Few researchers have studied the diagnostic value of inflammation-related hematological indexes of pediatric thyroid carcinoma exclusively. Whether thyroid-stimulating hormone (TSH) is an independent risk factor for pediatric thyroid cancer is still controversial. To assess the correlativity and predictive values of inflammation-related markers and thyroid function in pediatric thyroid cancer patients, we collected a total of 270 children with thyroid nodules for two consecutive years. Clinical data including age, gender, thyroid function, inflammation indexes, and clinical pathologic finding were collected and analyzed. The above-mentioned data were compared between the benign group and the malignant group, followed by the subgroups comparison. Binary logistic regression analysis was used to evaluate the correlation of markers and the pathological features of thyroid nodules. The neutrophil-to-lymphocyte ratio (NLR) showed a significant difference between thyroid cancer and thyroid nodules, while TSH did not. NLR > 1.49529 was the prognostic indicator of pediatric thyroid cancer. The logistic regression model further revealed that NLR > 1.49529 was an independent risk factor for thyroid cancer in pediatric patients. Furthermore, TSH was not correlated with the tumor characteristics in the thyroid cancer group. In conclusion, the findings in this study showed that NLR could be a predictor of thyroid cancer in pediatric patients and refuted the present view that TSH is a risk factor in pediatric thyroid cancer.

Introduction

Thyroid cancer (TC) is a major component of pediatric endocrine tumors. TC accounts for more than 6% of children with cancer, and in the past 40 years, this number has been on the rise (1). Compared to adults, thyroid nodules (TN) have a lower incidence in pediatric patients. However, the malignancy rate is 1/4, which is significantly higher than that in adults (2). Papillary thyroid carcinoma (PTC) is the most common subtype of TC, followed by follicular thyroid carcinoma (FTC) (3). In the past decades, the diagnosis and treatment guideline for pediatric TC is largely inferred from that of guidelines for adults. However, pediatric TC is different from the adult type in many ways, including clinical symptoms, pathophysiology, and long-term results (2). Thus, it is important to study pediatric TC separately.

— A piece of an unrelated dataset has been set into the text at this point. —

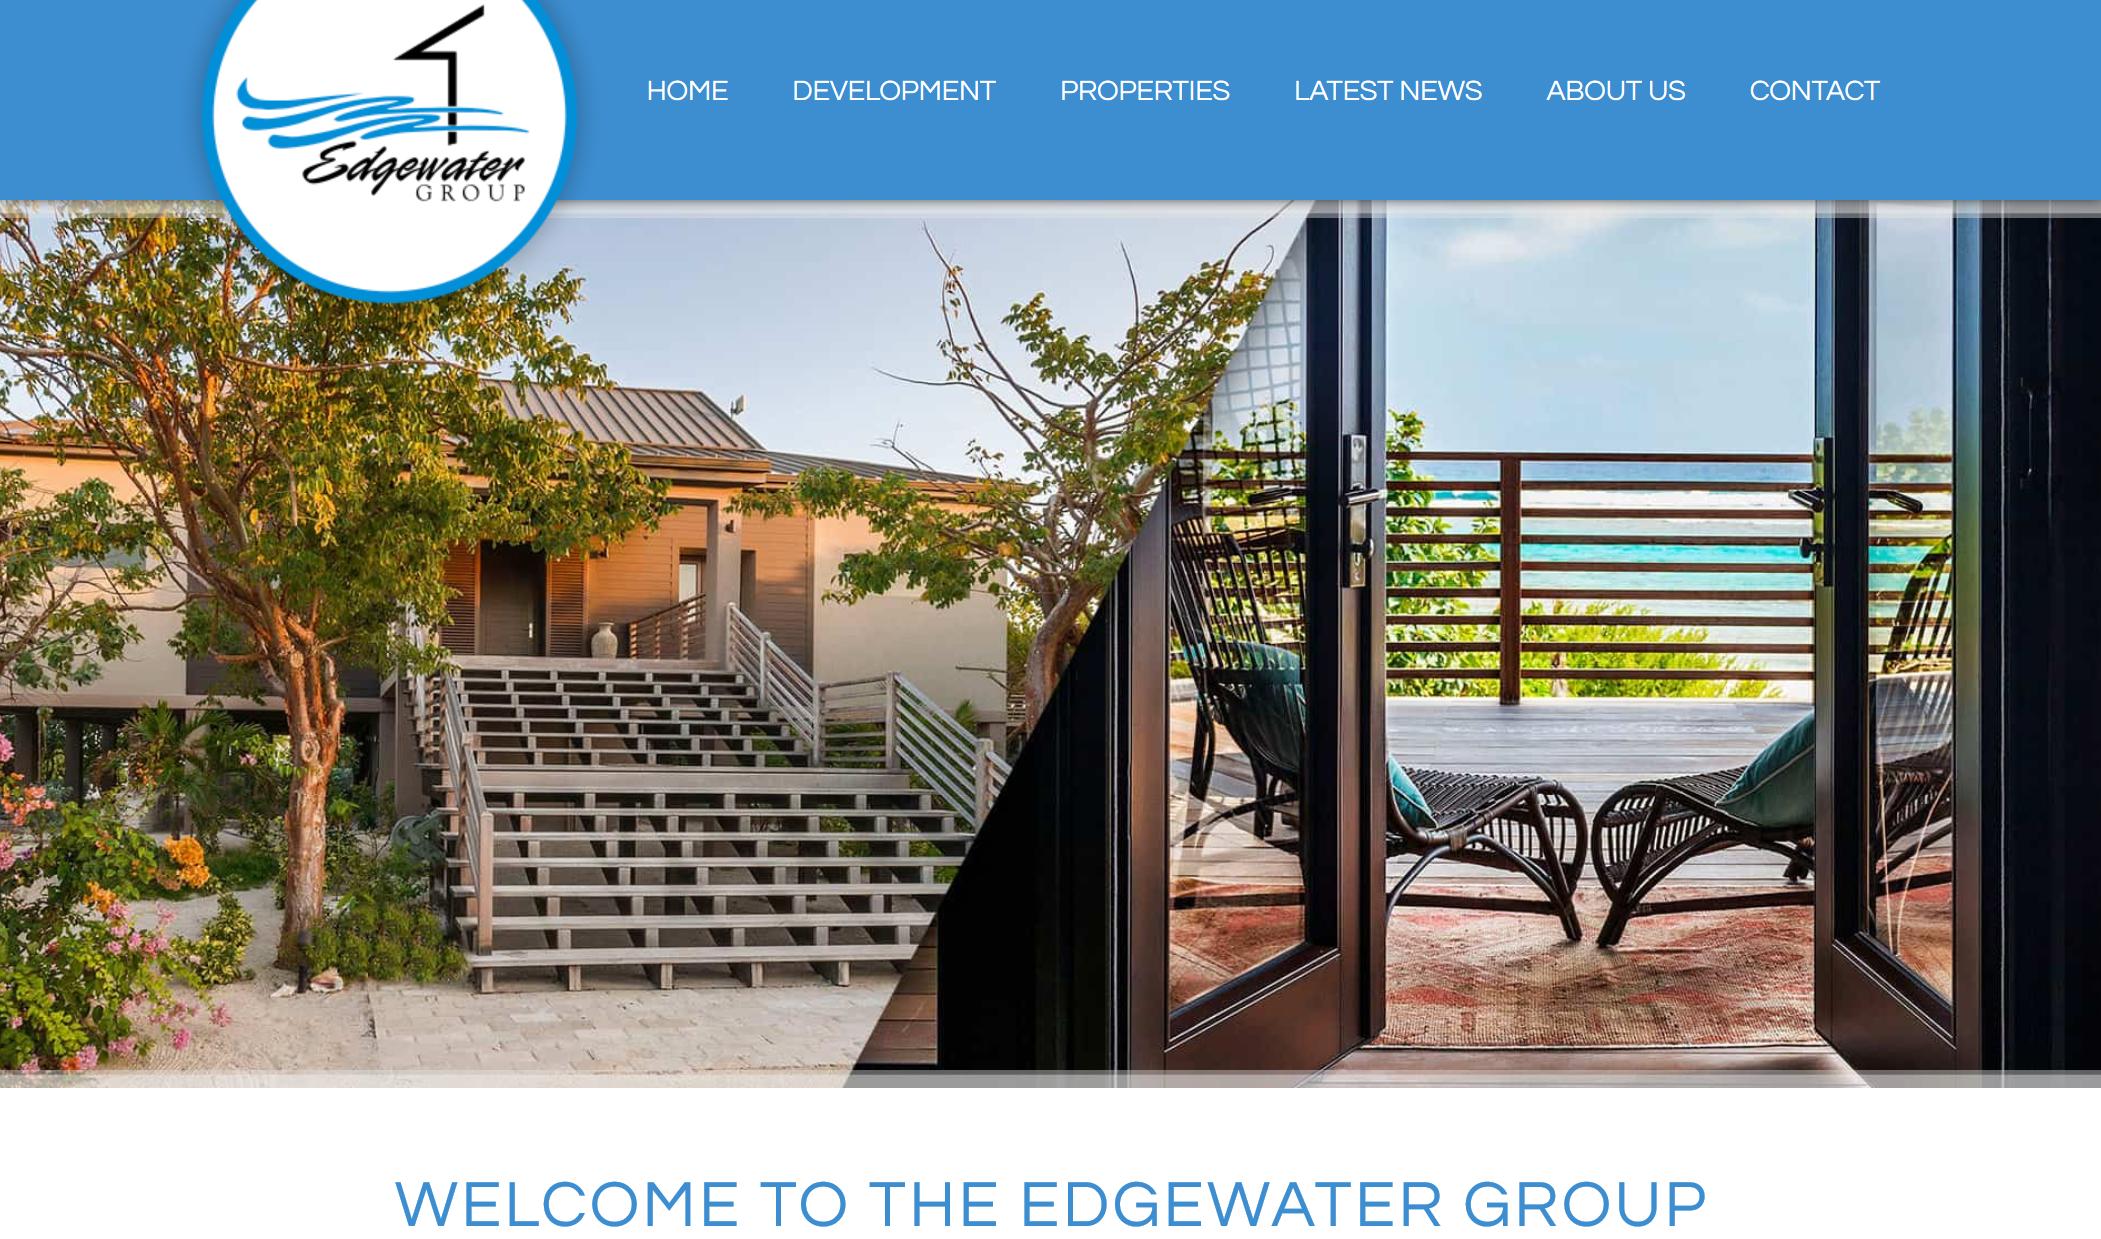 Edgewater Group - http://www.edgewater.ky/

An increased number of studies reported that cancer development is remarkably correlated with the tumor microenvironment and inflammatory responses. Inflammation-related markers, including the neutrophil-to-lymphocyte ratio (NLR), the lymphocyte-to-monocyte ratio (LMR), the platelet-to-lymphocyte ratio (PLR), mean platelet volume (MPV), and platelet distribution width (PDW), have become new study hotspots (4). A systematic review and meta-analysis indicated that the NLR was associated with the balance of the immune system and the survival of solid tumors (5). CD4 and CD8 T cells, as well as a variety of cytokines and chemokines, regulate anti-tumor immune responses. The NLR reflects the level of cytokines and chemokines (6). In previous studies, an increasing NLR was associated with a high risk of recurrence and unfavorable prognosis of PTC (7). Moreover, a high NLR was also associated with extrathyroidal invasion, bilateral multiple focal, and tumor lymph node-positive of PTC (8). However, only a few studies reported on the relationship between NLR and pediatric TC.

Multiple studies reported that elevated thyroid-stimulating hormone (TSH) is a risk factor in TC and that TSH can be used as an auxiliary diagnosis, in which the mechanism may involve the proliferative features of TSH (9, 10). However, relevant studies on pediatric patients still have apparent defects and remain unclear. For example, in several studies on pediatric TC, thyroiditis and nodule characteristics were not considered (11). Autoimmune thyroiditis, coexisting with TC (12), is reported in lots of papers and is also found with elevated TSH (13). Whether serum TSH can be used as an independent risk factor for pediatric TC remains to be explored.

In this study, we aimed to assess the risk factors in pediatric TC and identify the potential prognostic indicator in blood.

Materials and Methods

Patients

This study retrospectively collected data from Chinese children with TN in the First Affiliated Hospital of Zhengzhou University for three consecutive years (from January 2018 to December 2020). The patient's clinical, laboratory, and imaging findings and cytological and pathological data were collected through the hospital registry system. The study was approved by the First Affiliated Hospital of Zhengzhou University ethics committee.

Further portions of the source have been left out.